Problem description: Write out the lines below exactly, beginning at the one with "Huawei Honor 10i 128GB_hor phantom blue" and stopping after the one with "Black Bolu Sunglasses by A BETTER FEELING"; the pictures are not copied.

Information shown:
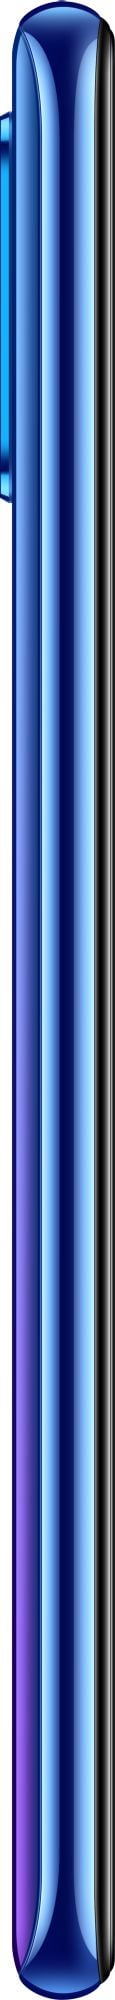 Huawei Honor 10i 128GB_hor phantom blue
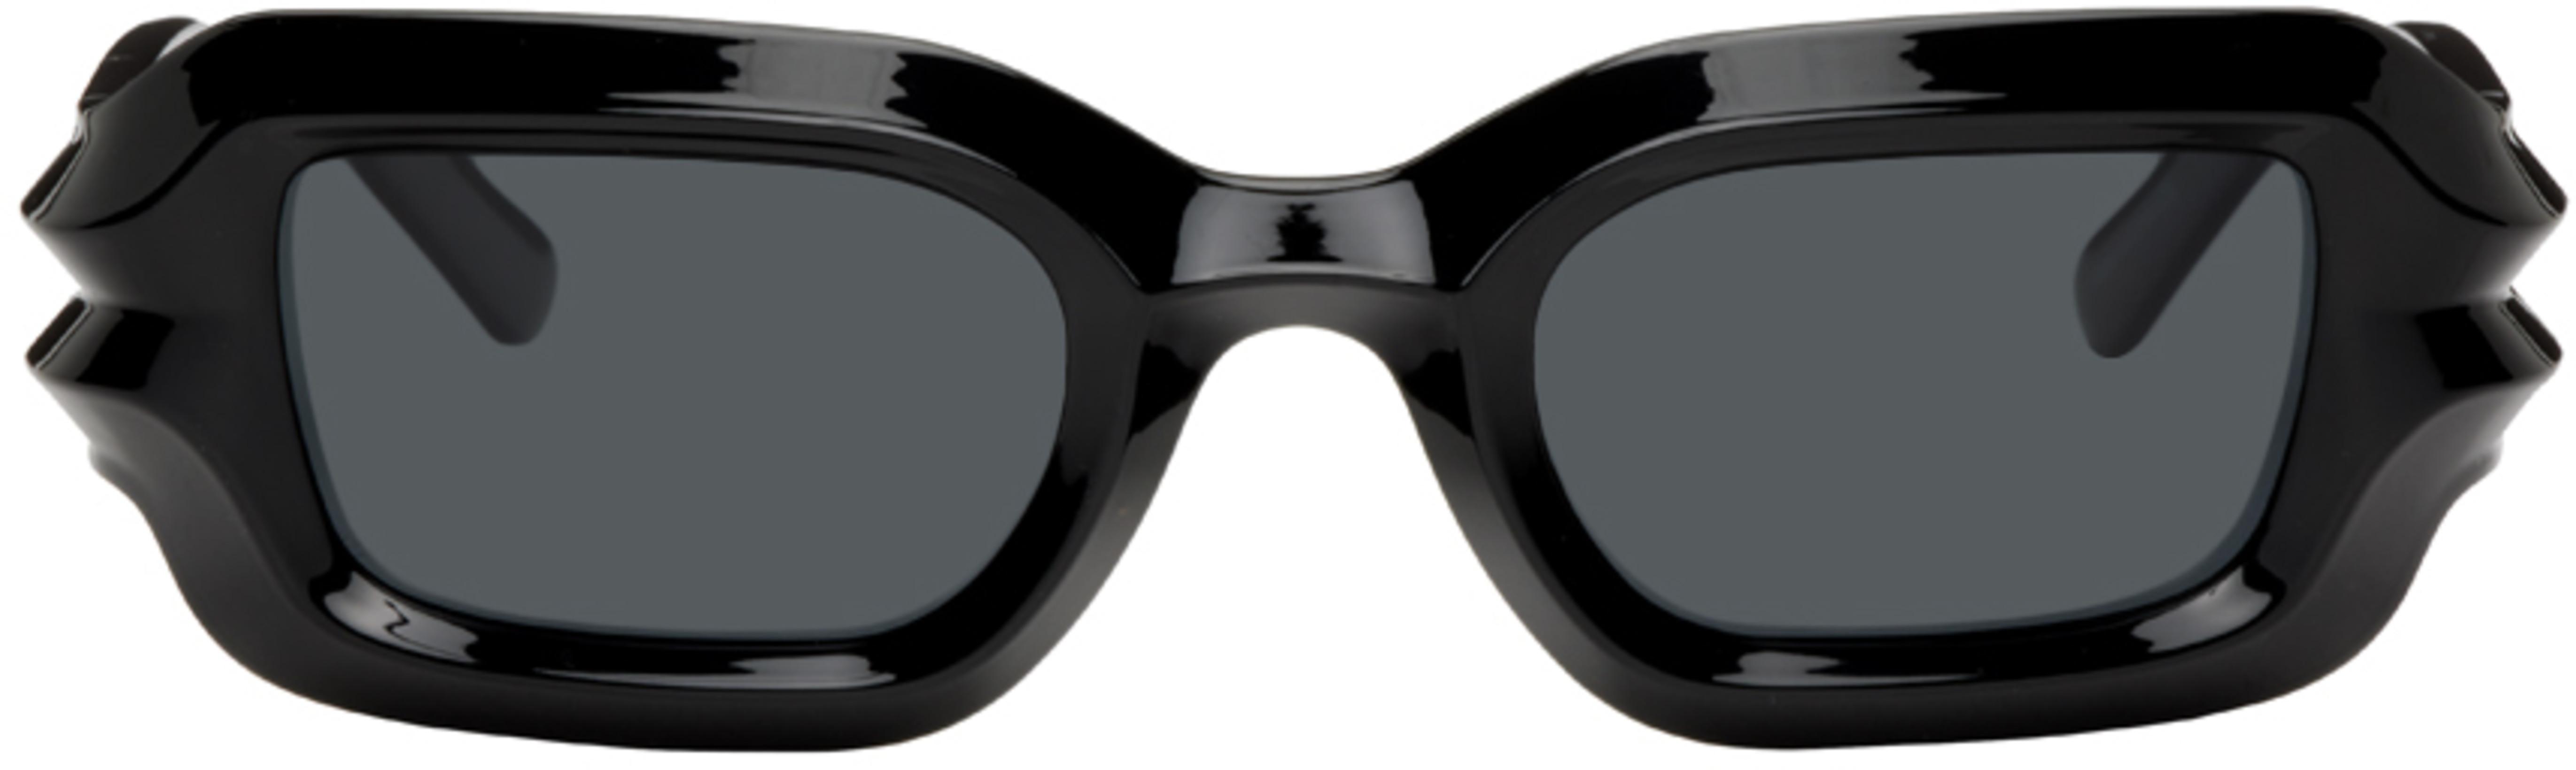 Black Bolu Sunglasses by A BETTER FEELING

...

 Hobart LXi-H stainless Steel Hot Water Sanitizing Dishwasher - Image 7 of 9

---

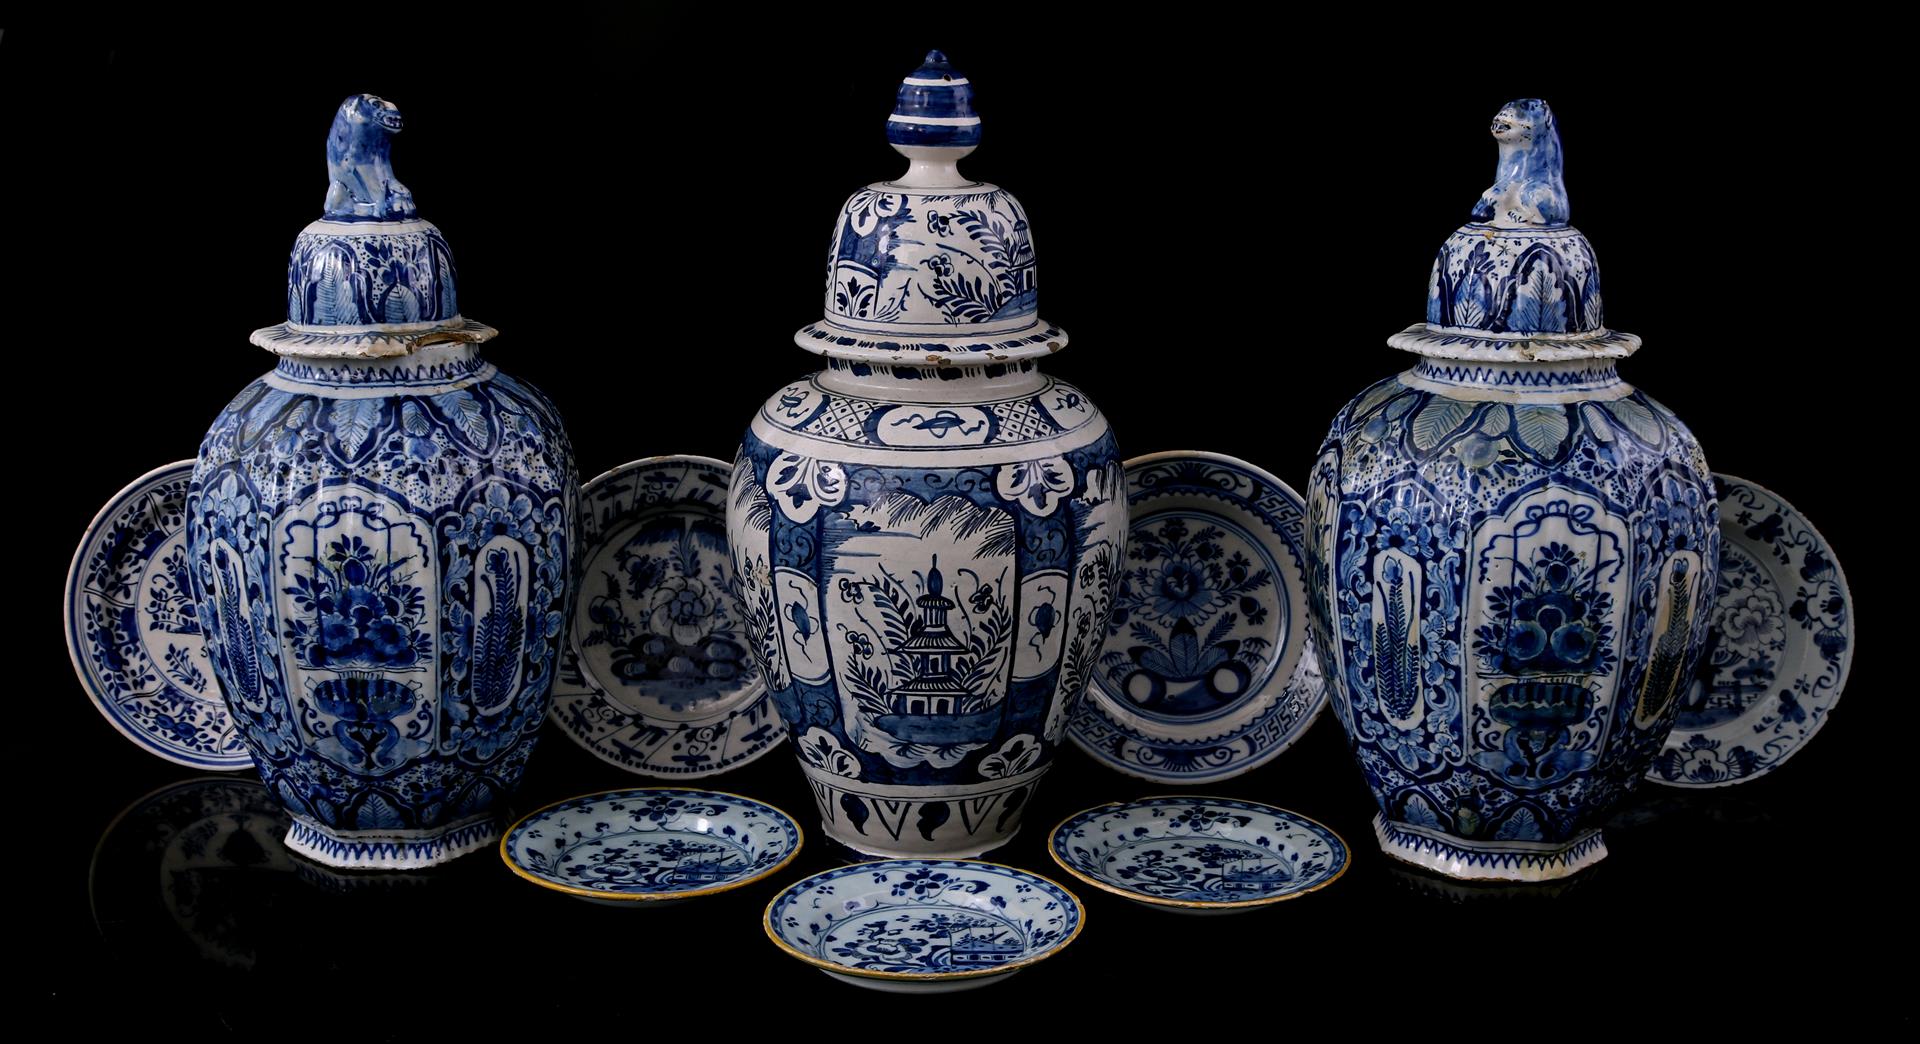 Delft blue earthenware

Answer below:
 Huawei Honor 10i 128GB_hor phantom blue
 Black Bolu Sunglasses by A BETTER FEELING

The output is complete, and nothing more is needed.